Months before Sept. 11, as Rumsfeld began the transformation of the Pentagon, he ran into contumacious obstructionism from the army and its then-Chief of Staff Gen. Eric Shinseki. Shinseki dug his heels in and refused to change much of anything about the Army. Shinseki went as far as to go behind Rumsfeld’s back to the Senate where his political mentor (and long-time family friend, Sen. Dan Inouye of Hawaii) and others backed his play.
But for the political cover Sen. Inouye gave Shinseki, he might have been fired then and there. Civilian control of the military means people such as Shinseki cannot be allowed to play the back-channel political games he played again and again. Shinseki stayed, and the Army went on to spend billions on the Stryker armored vehicle, a Cold War style peacekeeping vehicle that is too big and too heavy to be moved by a C-130 tactical airlifter without being partially disassembled.
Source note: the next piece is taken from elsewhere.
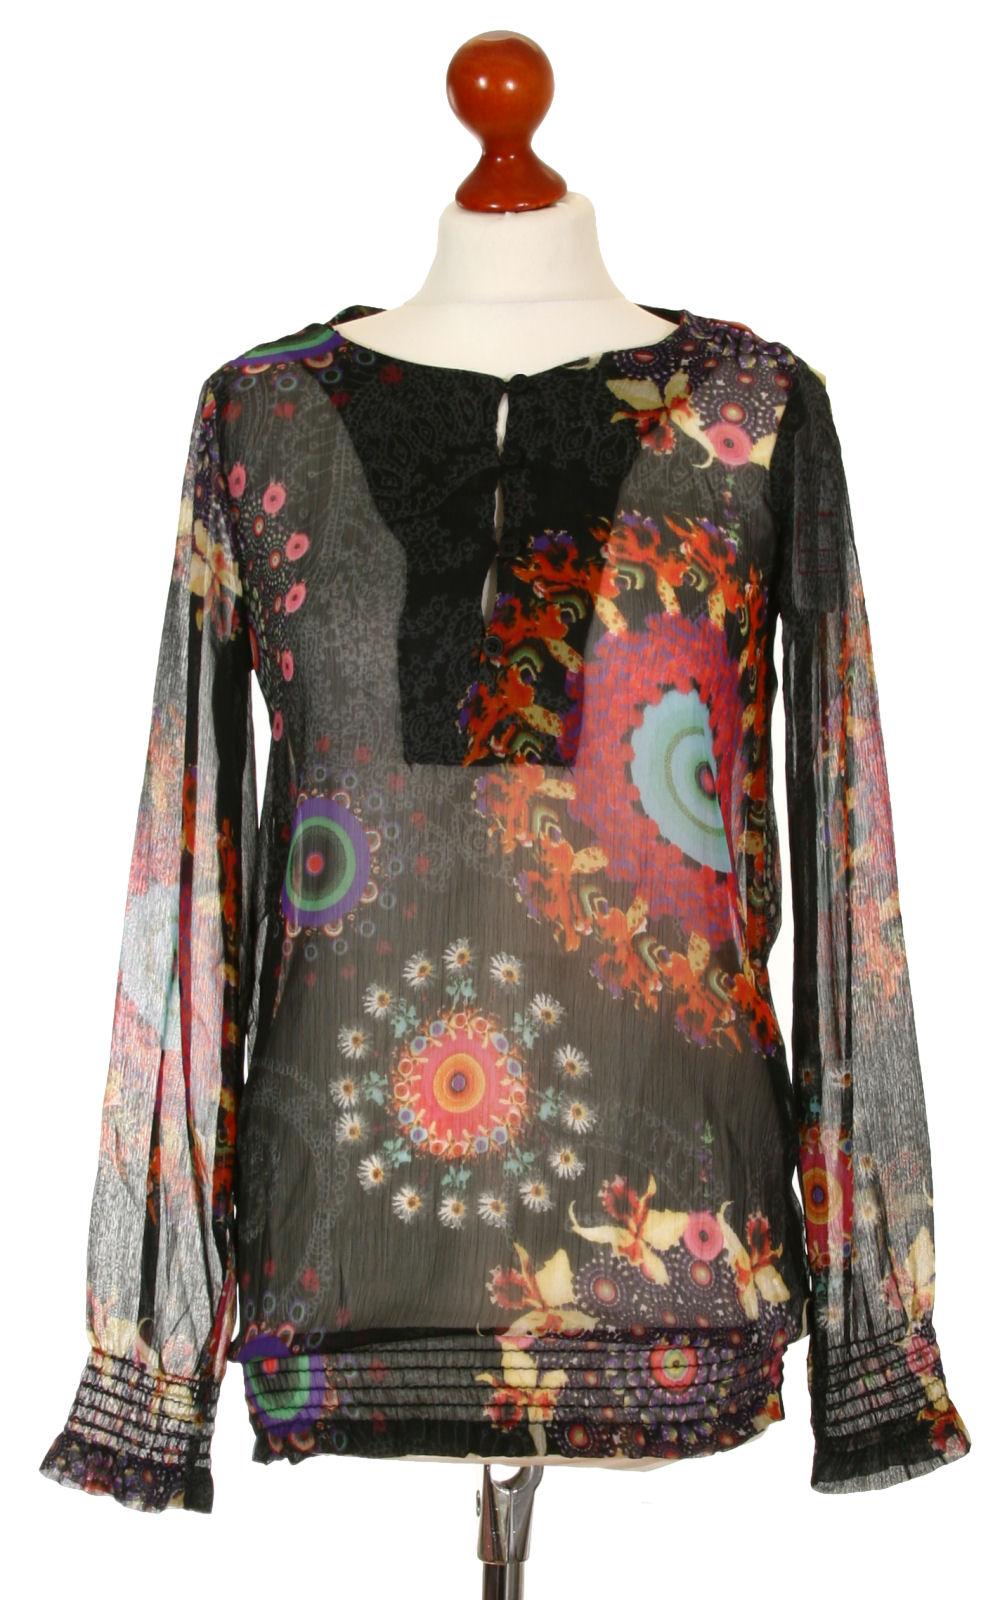 6f3b824cc7e7 Outlet ruha | Női Blúz hosszú, Desigual, Méret: S, Outlet | http ...

Let's review the chain of command, shall we?
President of the United States
(aka the Commander-in-Chief)
V
Secretary of Defense
V
Joint Chiefs of Staff
(of which General Shinseki was one)
Note where Shinseki is. If he didn't like the direction, there was an honorable course for him to take - one taken by General Anothony Zinni, who opposed the liberation of Iraq. He could have resigned his commission and then spoken out on the matter. Shinseki was probably familiar with the very lax control of the Clinton Administration (largely due to missteps on gays in the miltiary, the micro-management that led to the firefight in Mogadishu going wrong, and the insult to General Barry McCaffrey), and figured he could get away with it. He then seemed surprised that Don Rumsfeld wasn't going to put up with such nonsense.
In the matter of Shinseki, I think Rumsfeld acted with incredible restraint in not firing him summarily.